● **WHAT YOU ARE ASKED TO DO**:
Without the pictures, write the listing below out again, line for line.

● **PROVIDED DATA**:
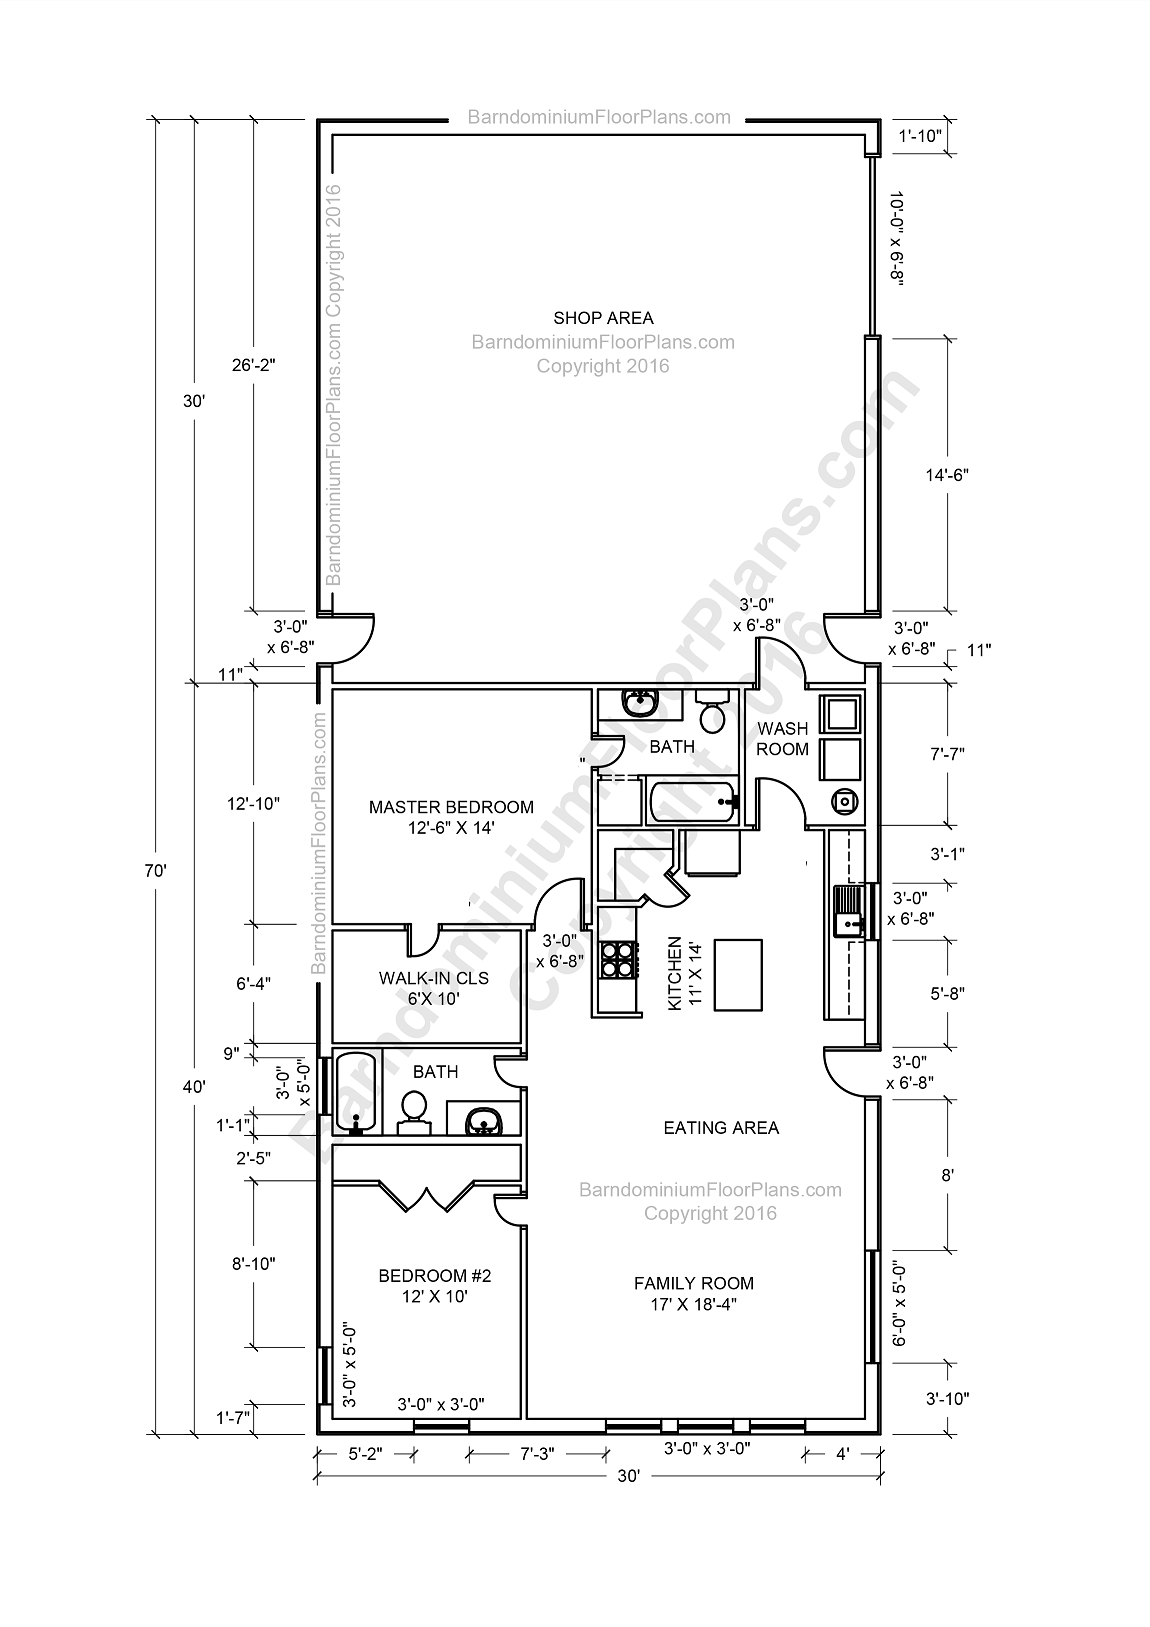 barndominium floor plans pole barn house plans and metal barn homes barndominium floor plans
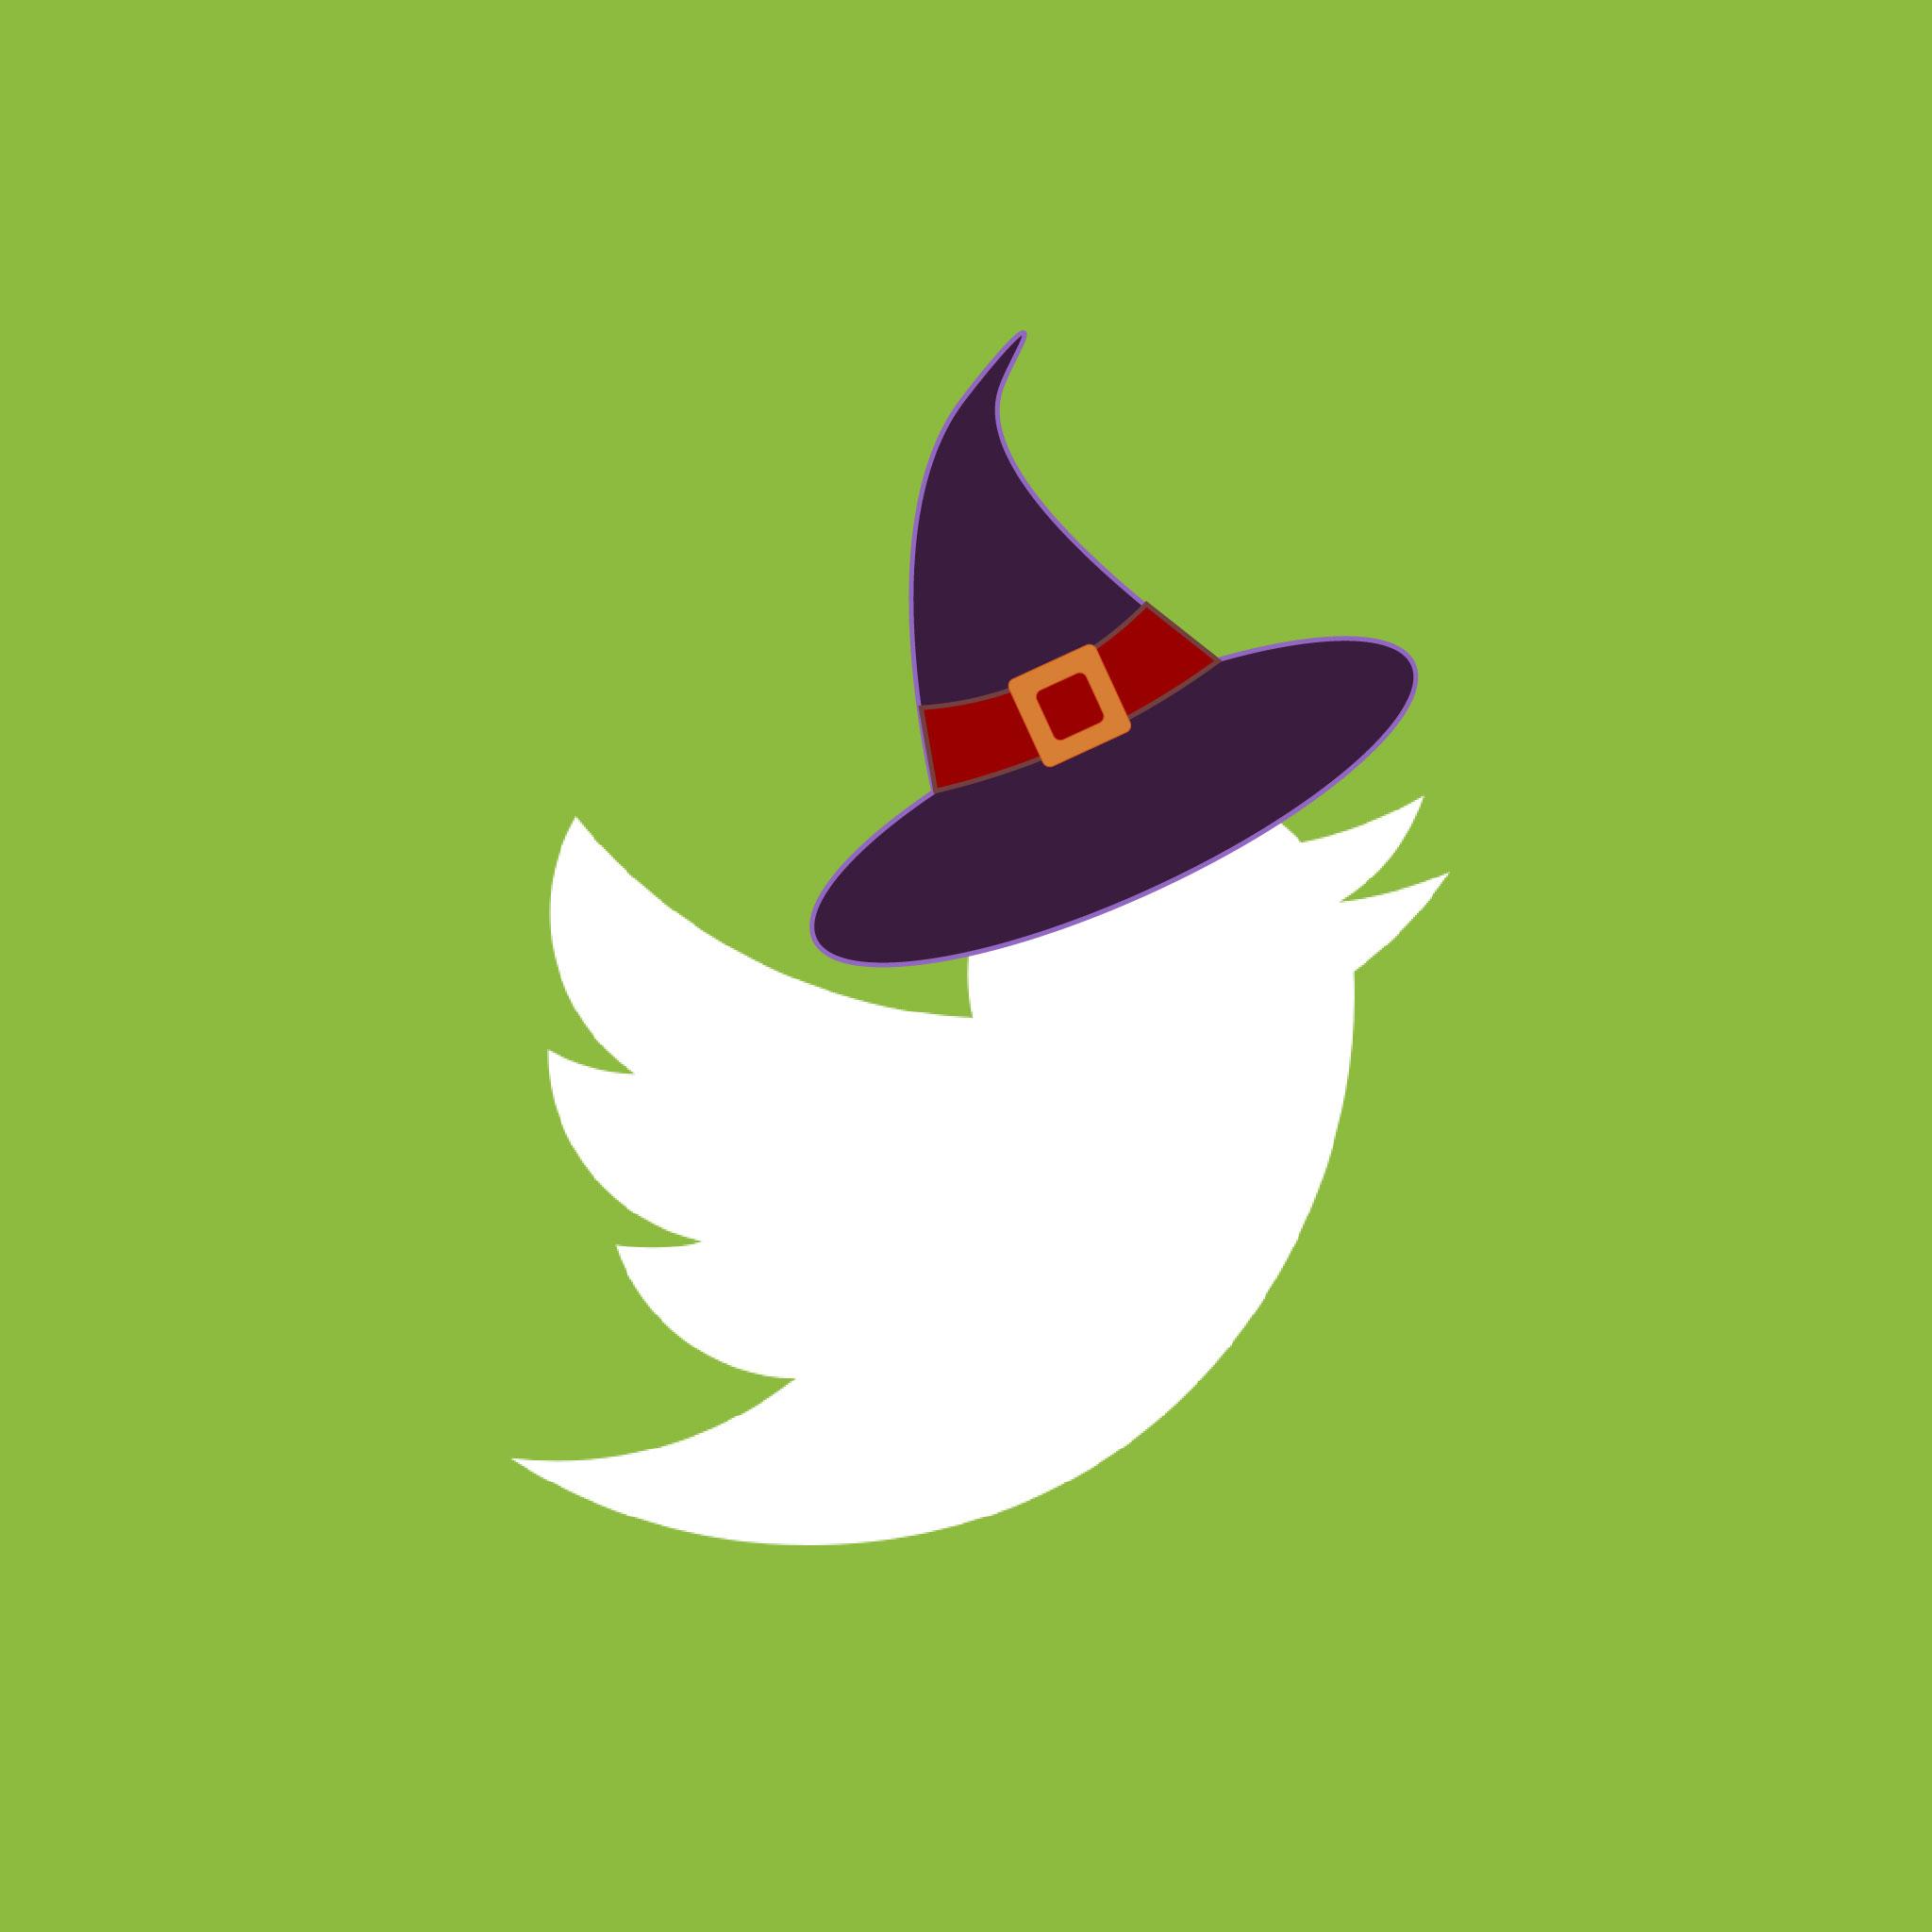 Twitter Halloween App Icon from HalloweenCostumes.com
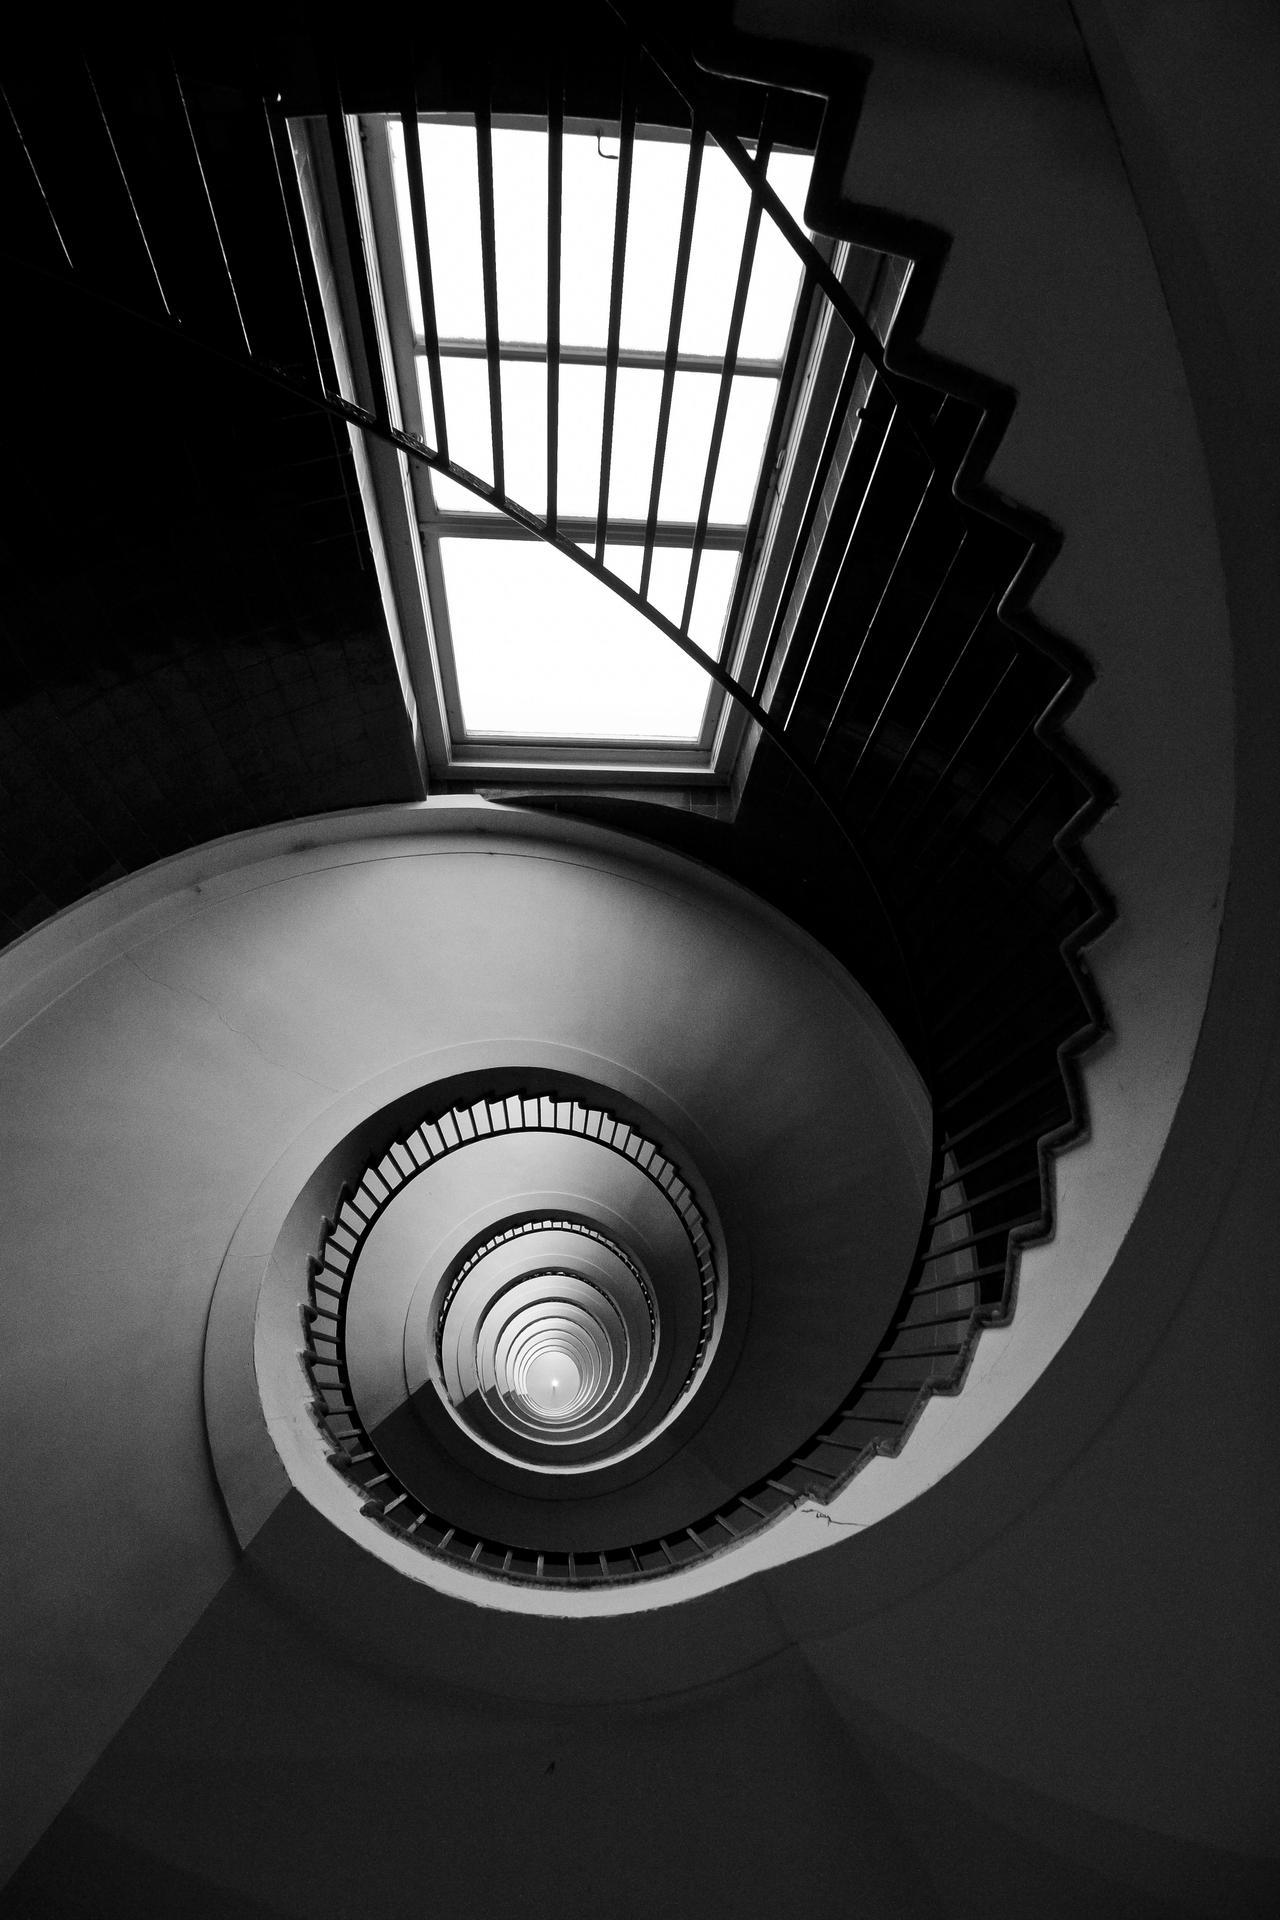 Neboticnik staircase by luka567

● **SOLUTION FOR THIS TASK**:
 barndominium floor plans pole barn house plans and metal barn homes barndominium floor plans
 Twitter Halloween App Icon from HalloweenCostumes.com
 Neboticnik staircase by luka567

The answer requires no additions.